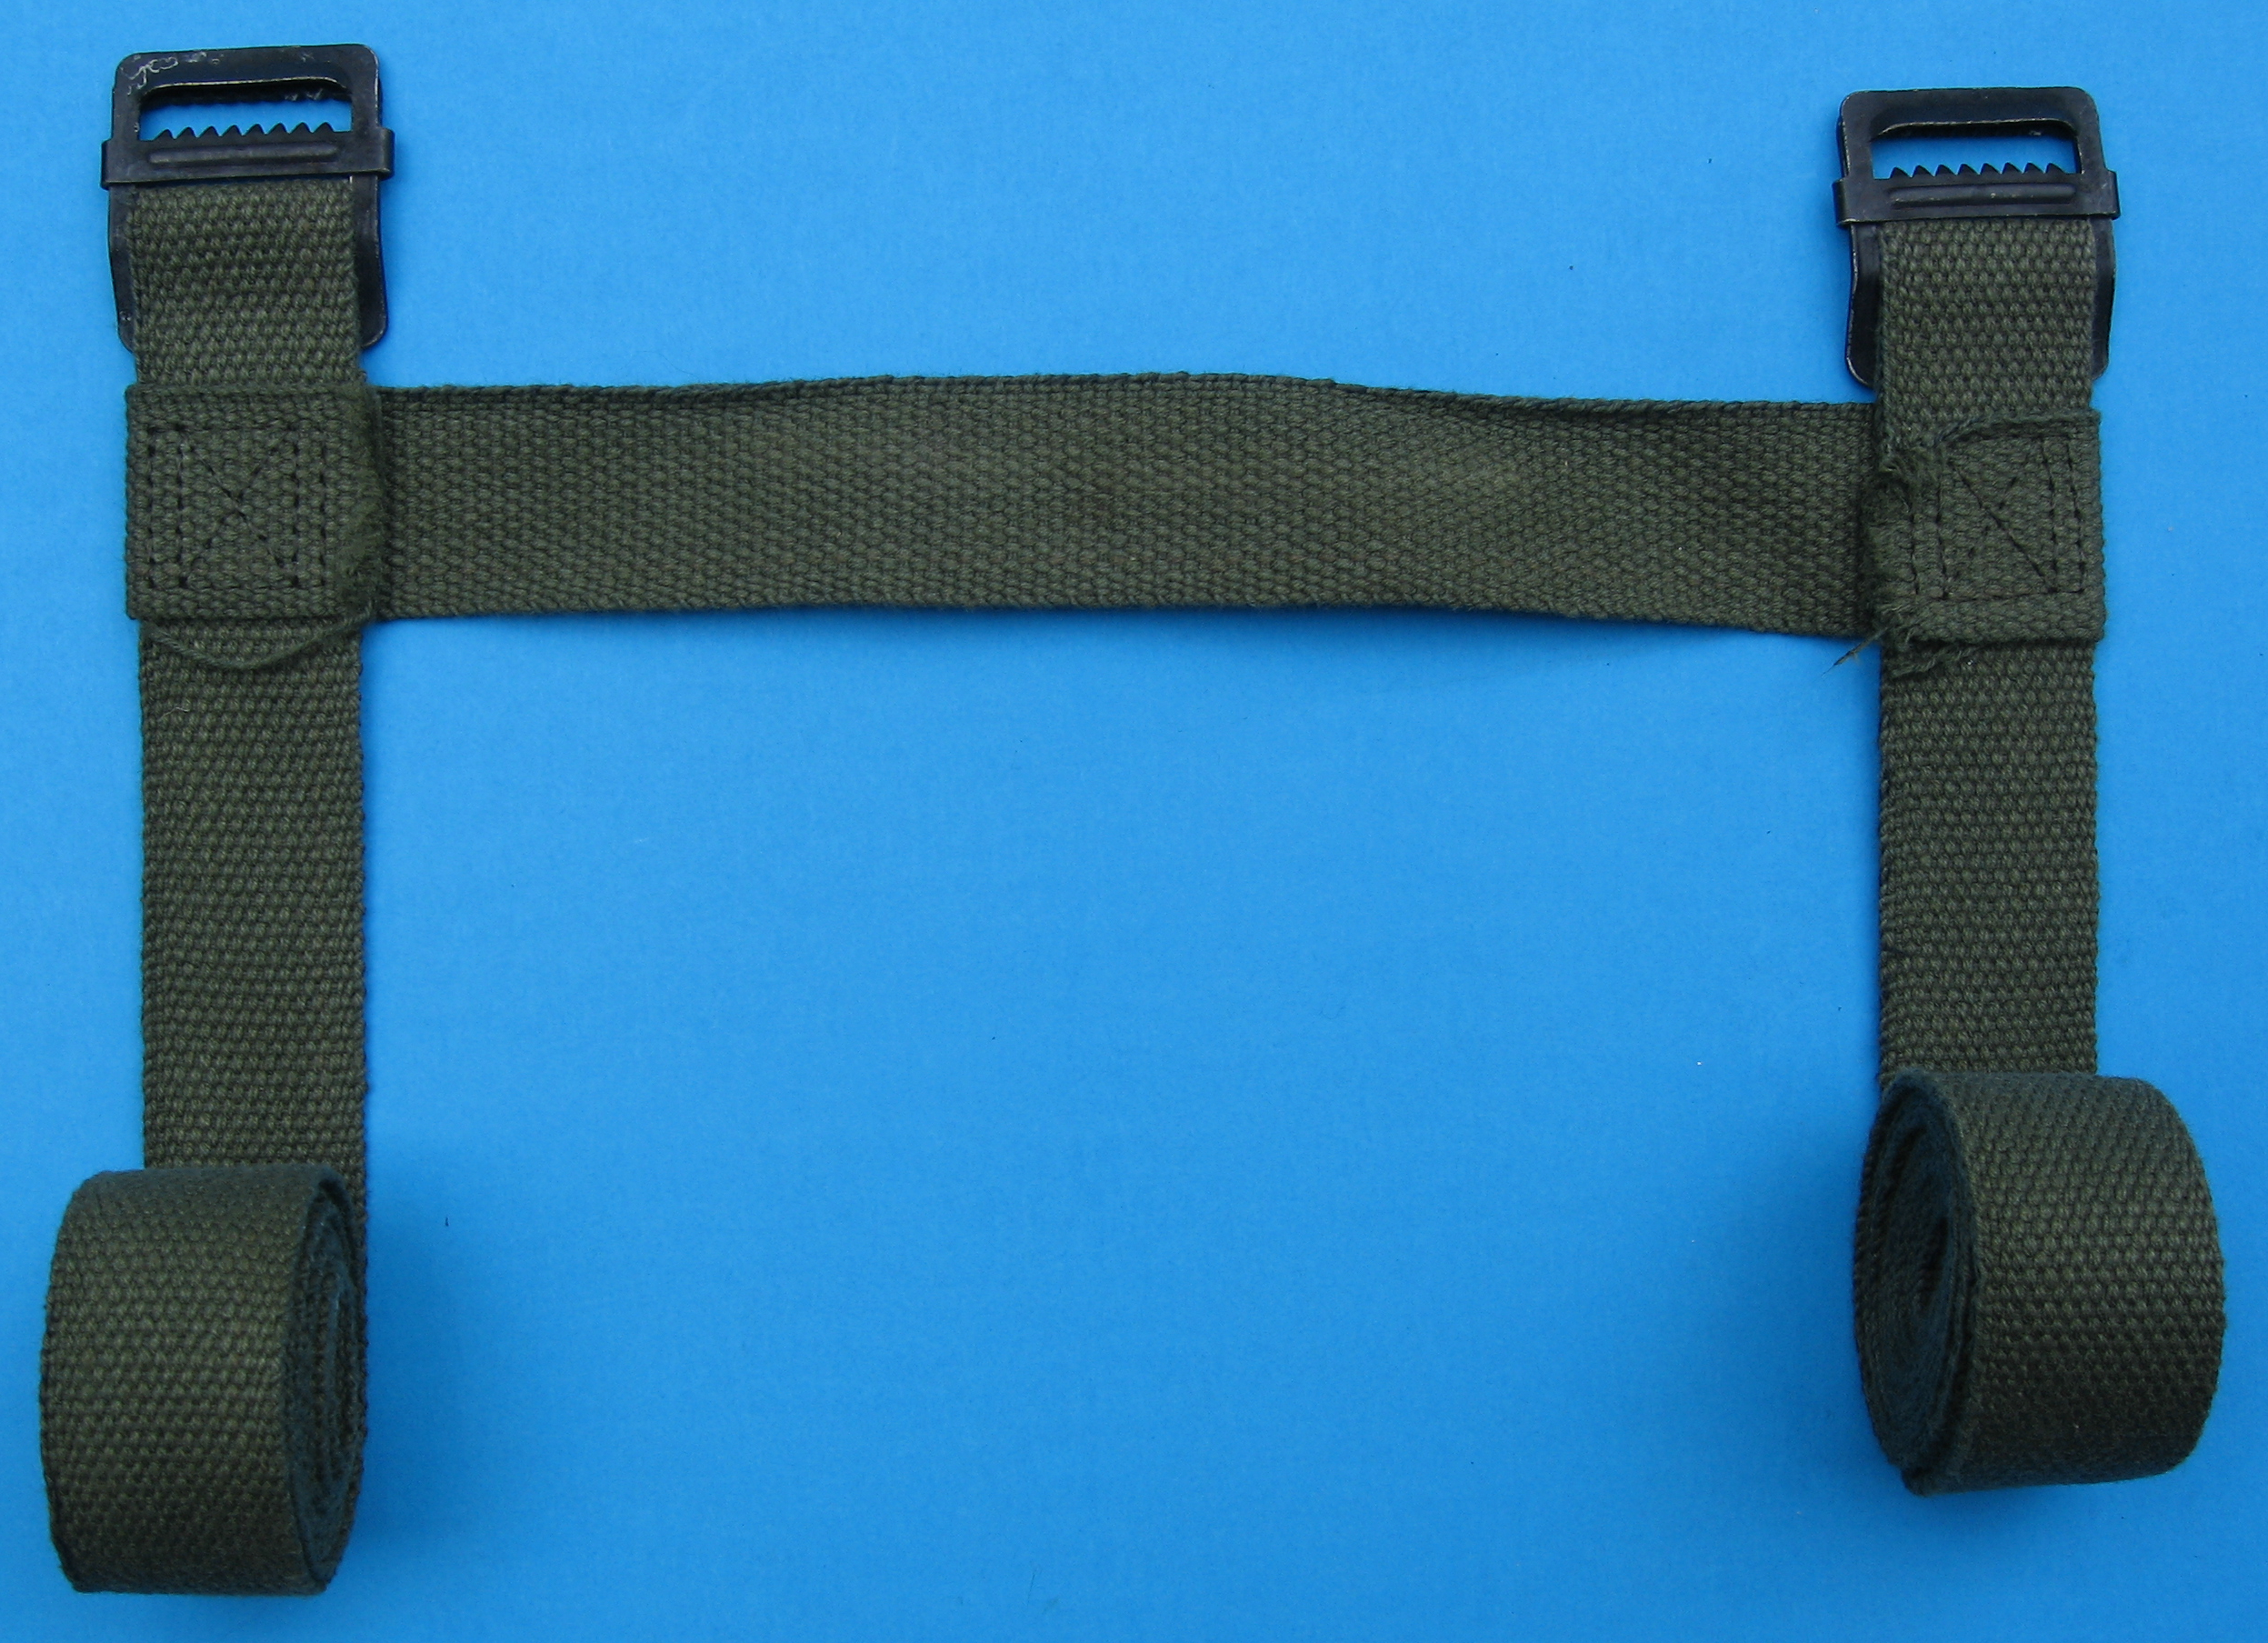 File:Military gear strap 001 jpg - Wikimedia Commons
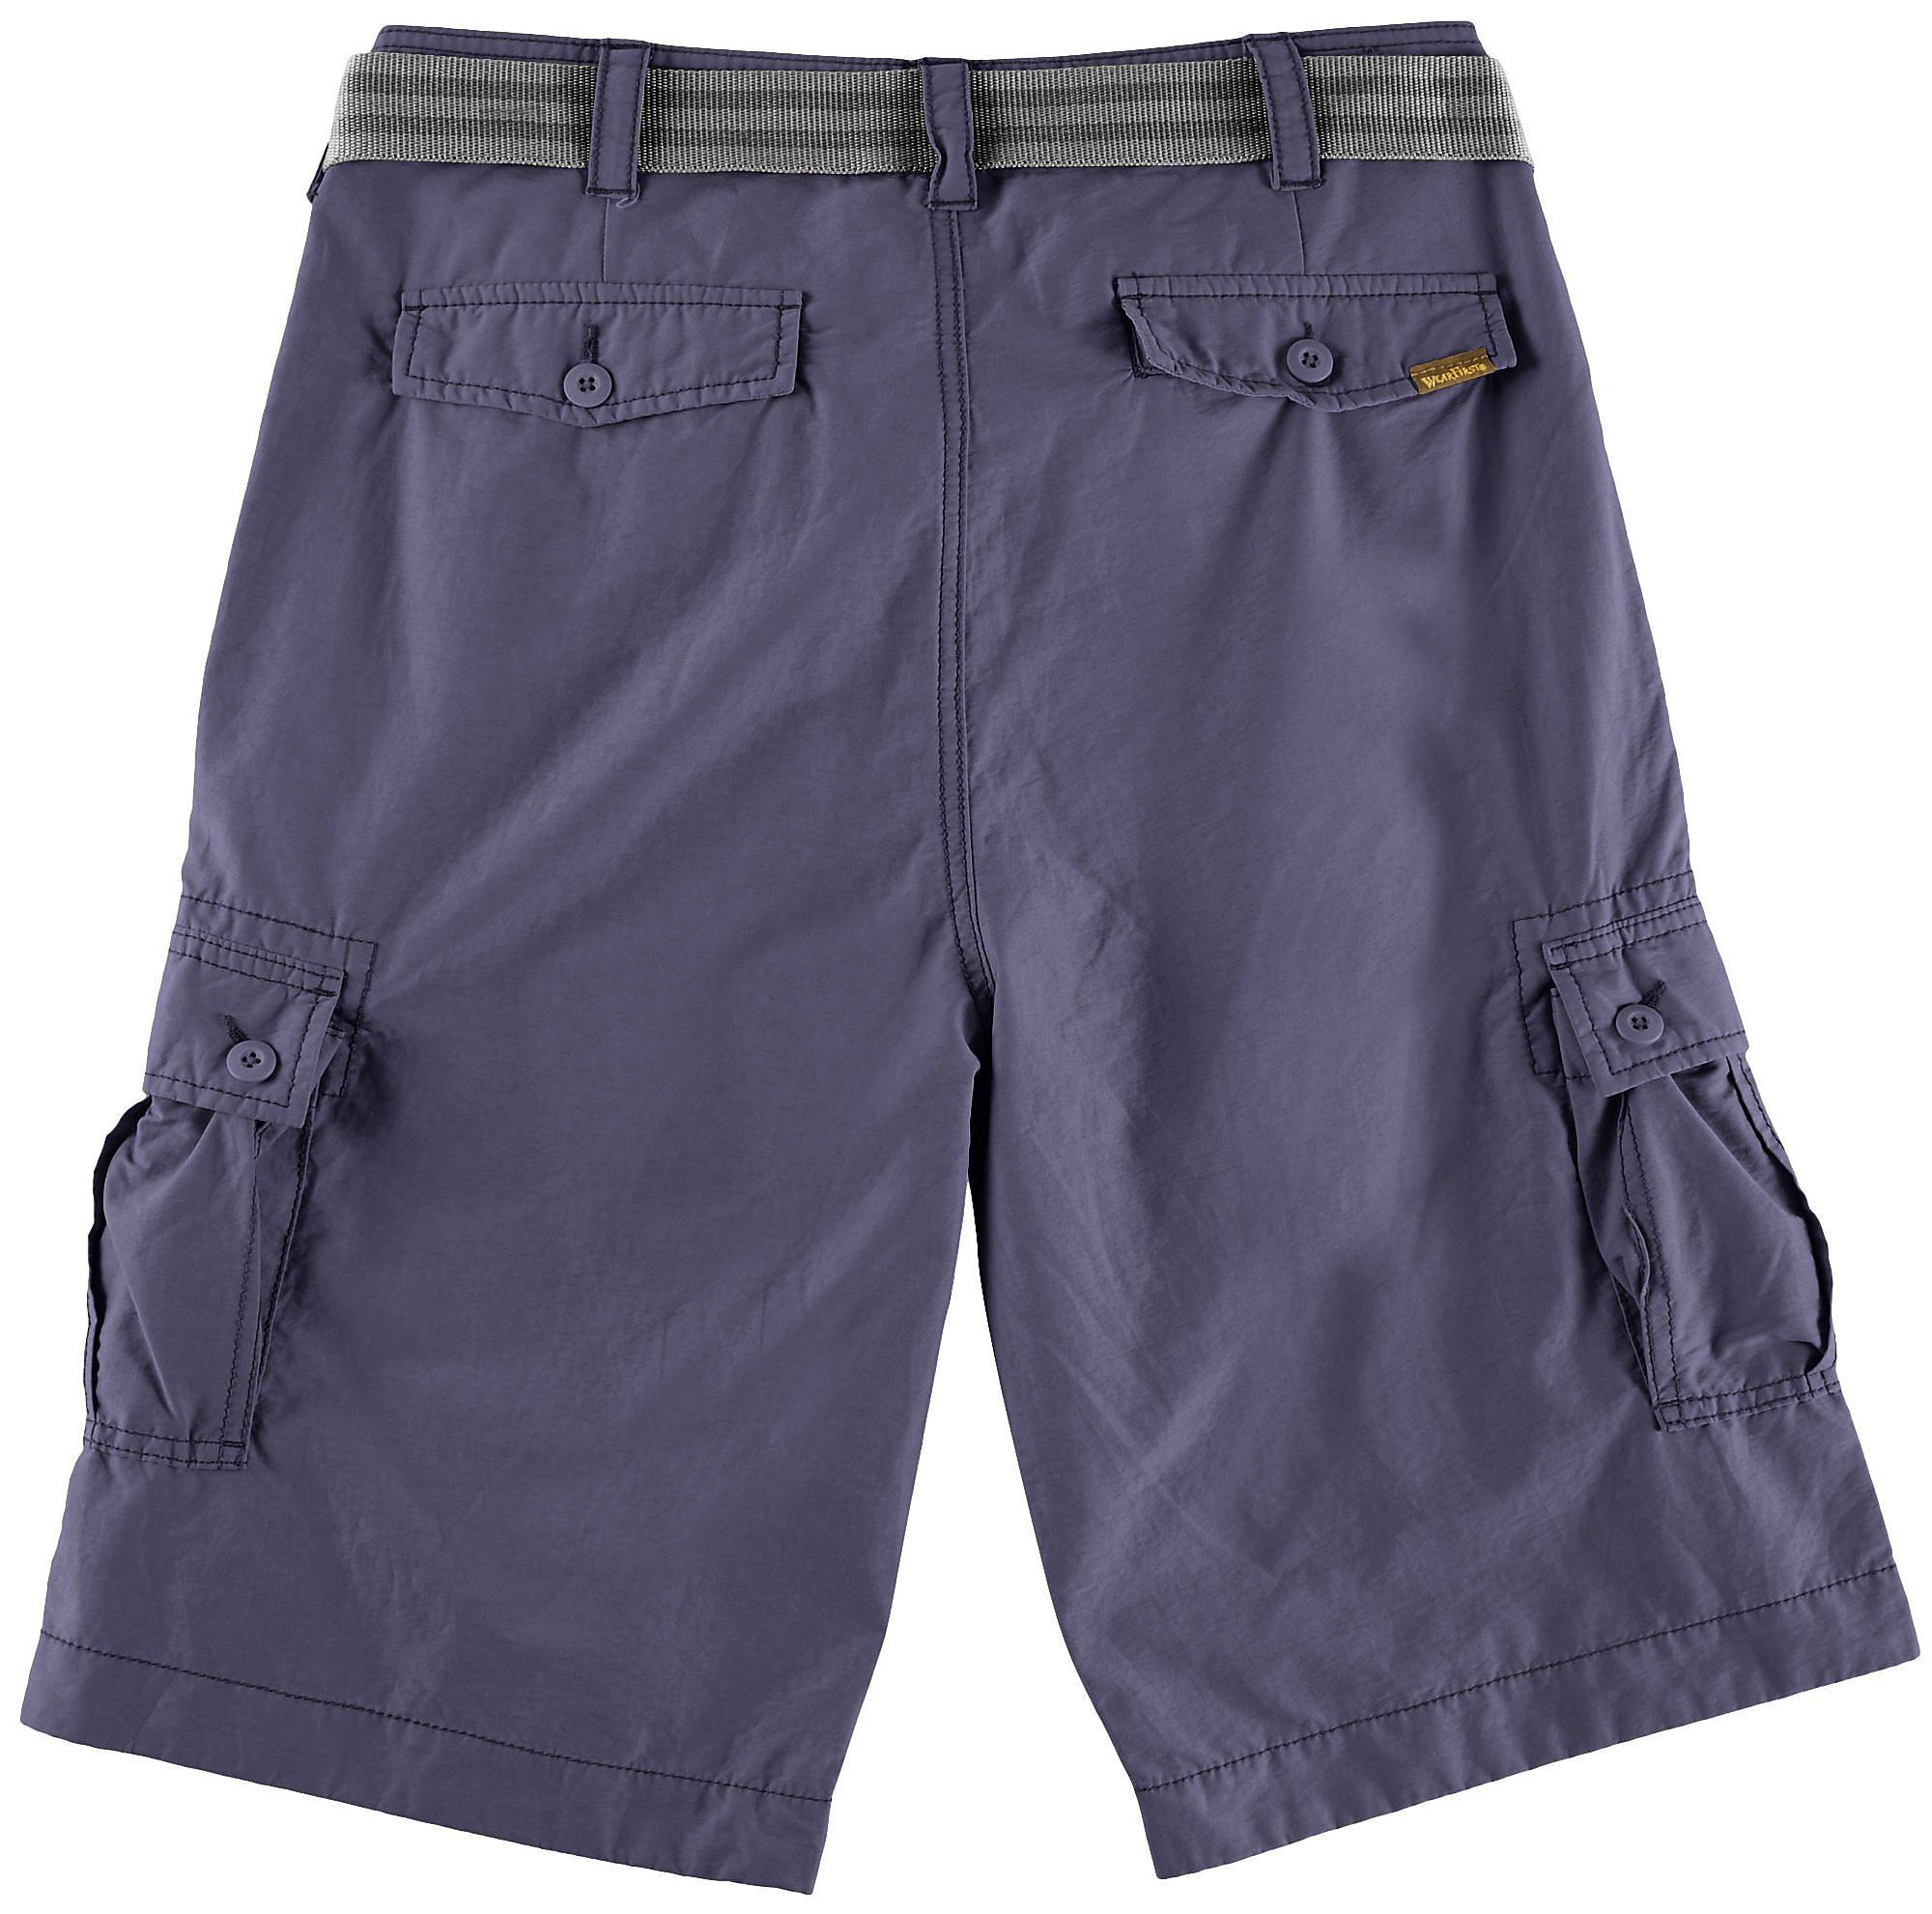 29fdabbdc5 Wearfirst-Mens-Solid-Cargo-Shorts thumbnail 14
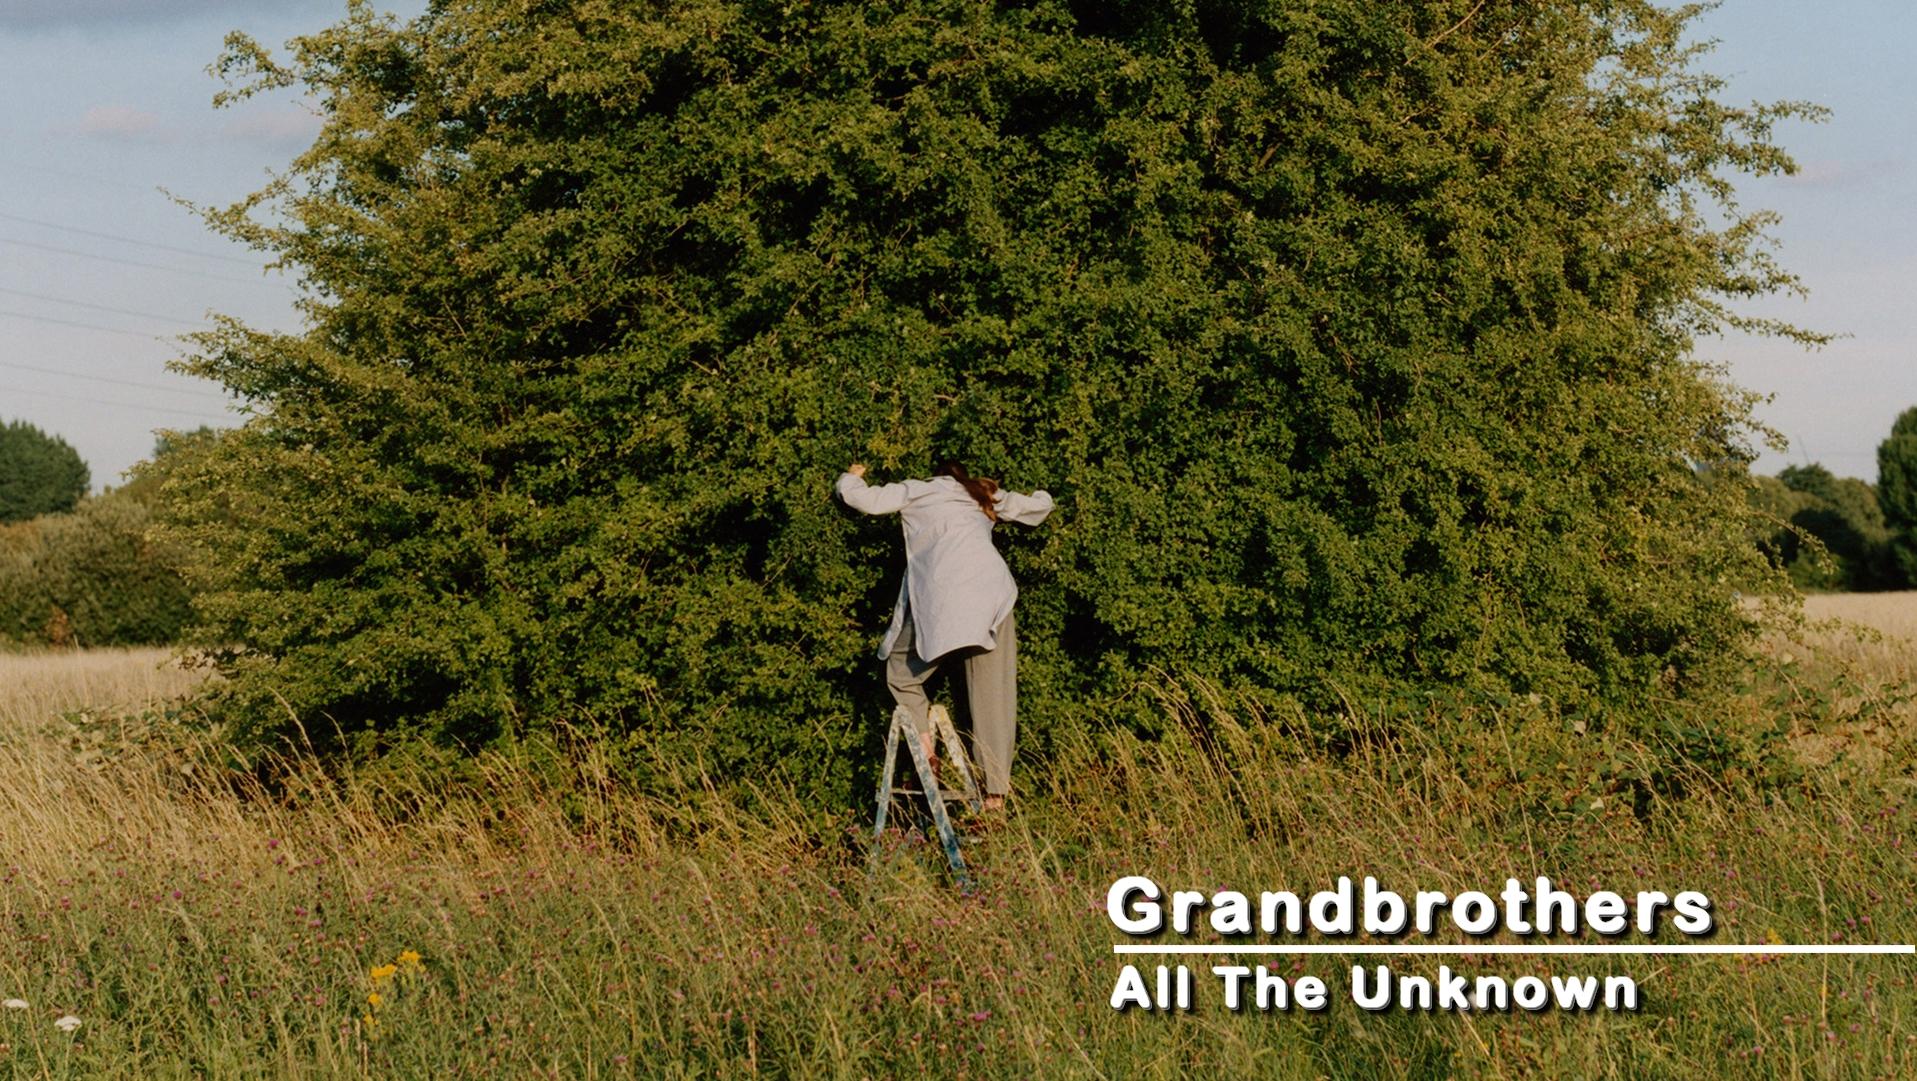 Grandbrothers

What you are asked to do: Without the pictures, transcribe the lines from the one containing "29fdabbdc5 Wearfirst-Mens-Solid-Cargo-Shorts thumbnail" through the end of the data, exactly and only those.

Problem solution:
 29fdabbdc5 Wearfirst-Mens-Solid-Cargo-Shorts thumbnail 14
 Grandbrothers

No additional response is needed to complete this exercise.